[Information shown]
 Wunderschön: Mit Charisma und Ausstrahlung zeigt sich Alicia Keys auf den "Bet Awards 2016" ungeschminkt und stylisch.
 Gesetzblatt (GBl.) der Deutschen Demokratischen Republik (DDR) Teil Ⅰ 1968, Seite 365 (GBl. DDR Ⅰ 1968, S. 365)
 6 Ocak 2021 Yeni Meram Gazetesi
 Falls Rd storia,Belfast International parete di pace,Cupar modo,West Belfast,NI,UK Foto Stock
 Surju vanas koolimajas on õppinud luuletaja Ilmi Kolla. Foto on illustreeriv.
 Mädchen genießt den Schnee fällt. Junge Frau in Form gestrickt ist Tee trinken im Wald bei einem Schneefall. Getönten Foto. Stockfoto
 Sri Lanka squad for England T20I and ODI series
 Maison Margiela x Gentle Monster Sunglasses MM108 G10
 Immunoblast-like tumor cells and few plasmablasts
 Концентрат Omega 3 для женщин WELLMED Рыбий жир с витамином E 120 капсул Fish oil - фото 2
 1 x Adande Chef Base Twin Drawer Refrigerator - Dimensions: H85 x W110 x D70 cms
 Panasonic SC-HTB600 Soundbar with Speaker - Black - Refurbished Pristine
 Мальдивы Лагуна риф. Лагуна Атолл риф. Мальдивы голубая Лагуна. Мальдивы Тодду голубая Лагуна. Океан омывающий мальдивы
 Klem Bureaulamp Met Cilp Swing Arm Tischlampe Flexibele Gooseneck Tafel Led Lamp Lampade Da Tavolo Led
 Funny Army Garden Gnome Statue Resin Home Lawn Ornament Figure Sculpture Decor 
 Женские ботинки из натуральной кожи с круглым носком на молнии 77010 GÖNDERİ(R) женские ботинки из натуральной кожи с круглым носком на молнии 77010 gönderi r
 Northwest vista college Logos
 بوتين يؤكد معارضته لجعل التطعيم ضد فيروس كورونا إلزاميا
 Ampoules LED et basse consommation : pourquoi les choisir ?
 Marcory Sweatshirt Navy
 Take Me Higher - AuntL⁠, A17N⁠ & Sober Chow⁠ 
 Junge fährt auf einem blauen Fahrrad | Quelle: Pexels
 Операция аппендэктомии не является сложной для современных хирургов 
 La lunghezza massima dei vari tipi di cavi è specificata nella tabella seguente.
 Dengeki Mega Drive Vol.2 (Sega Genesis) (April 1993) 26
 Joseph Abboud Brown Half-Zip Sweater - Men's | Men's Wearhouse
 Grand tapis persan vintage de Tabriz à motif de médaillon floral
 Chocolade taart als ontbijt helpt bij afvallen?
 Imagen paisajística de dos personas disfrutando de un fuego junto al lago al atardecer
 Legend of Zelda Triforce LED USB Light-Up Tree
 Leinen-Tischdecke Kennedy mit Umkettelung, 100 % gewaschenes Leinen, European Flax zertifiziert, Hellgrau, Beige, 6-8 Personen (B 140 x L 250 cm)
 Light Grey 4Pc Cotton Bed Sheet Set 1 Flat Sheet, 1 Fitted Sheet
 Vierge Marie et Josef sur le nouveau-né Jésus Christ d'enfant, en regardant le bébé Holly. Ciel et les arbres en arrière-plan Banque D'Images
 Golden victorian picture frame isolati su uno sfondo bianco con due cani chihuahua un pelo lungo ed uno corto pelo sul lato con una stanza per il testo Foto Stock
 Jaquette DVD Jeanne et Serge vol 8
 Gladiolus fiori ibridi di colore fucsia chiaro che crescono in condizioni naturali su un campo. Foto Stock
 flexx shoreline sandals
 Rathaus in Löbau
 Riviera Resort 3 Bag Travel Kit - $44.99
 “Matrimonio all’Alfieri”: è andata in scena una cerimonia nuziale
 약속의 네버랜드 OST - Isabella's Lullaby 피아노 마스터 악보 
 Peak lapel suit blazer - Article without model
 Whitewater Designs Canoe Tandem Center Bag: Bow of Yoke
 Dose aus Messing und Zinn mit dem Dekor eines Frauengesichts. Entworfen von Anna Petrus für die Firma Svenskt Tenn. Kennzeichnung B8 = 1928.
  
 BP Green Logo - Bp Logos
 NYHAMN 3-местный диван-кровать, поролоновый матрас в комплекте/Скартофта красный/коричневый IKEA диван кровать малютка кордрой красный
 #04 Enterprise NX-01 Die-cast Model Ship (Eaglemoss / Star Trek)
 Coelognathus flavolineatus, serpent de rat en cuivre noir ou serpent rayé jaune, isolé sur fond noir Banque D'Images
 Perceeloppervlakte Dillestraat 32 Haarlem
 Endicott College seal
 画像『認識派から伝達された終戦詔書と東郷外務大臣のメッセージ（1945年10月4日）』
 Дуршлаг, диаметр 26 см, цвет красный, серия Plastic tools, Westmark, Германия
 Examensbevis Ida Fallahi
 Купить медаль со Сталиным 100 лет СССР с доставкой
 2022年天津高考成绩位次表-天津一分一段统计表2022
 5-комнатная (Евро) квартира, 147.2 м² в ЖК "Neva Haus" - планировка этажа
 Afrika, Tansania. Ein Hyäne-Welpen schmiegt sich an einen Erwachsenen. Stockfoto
[/Information shown]
= What you should do =
For the material, work out how many lines hold the string "красный". Your reply must be the number alone.

= Exercise output =
2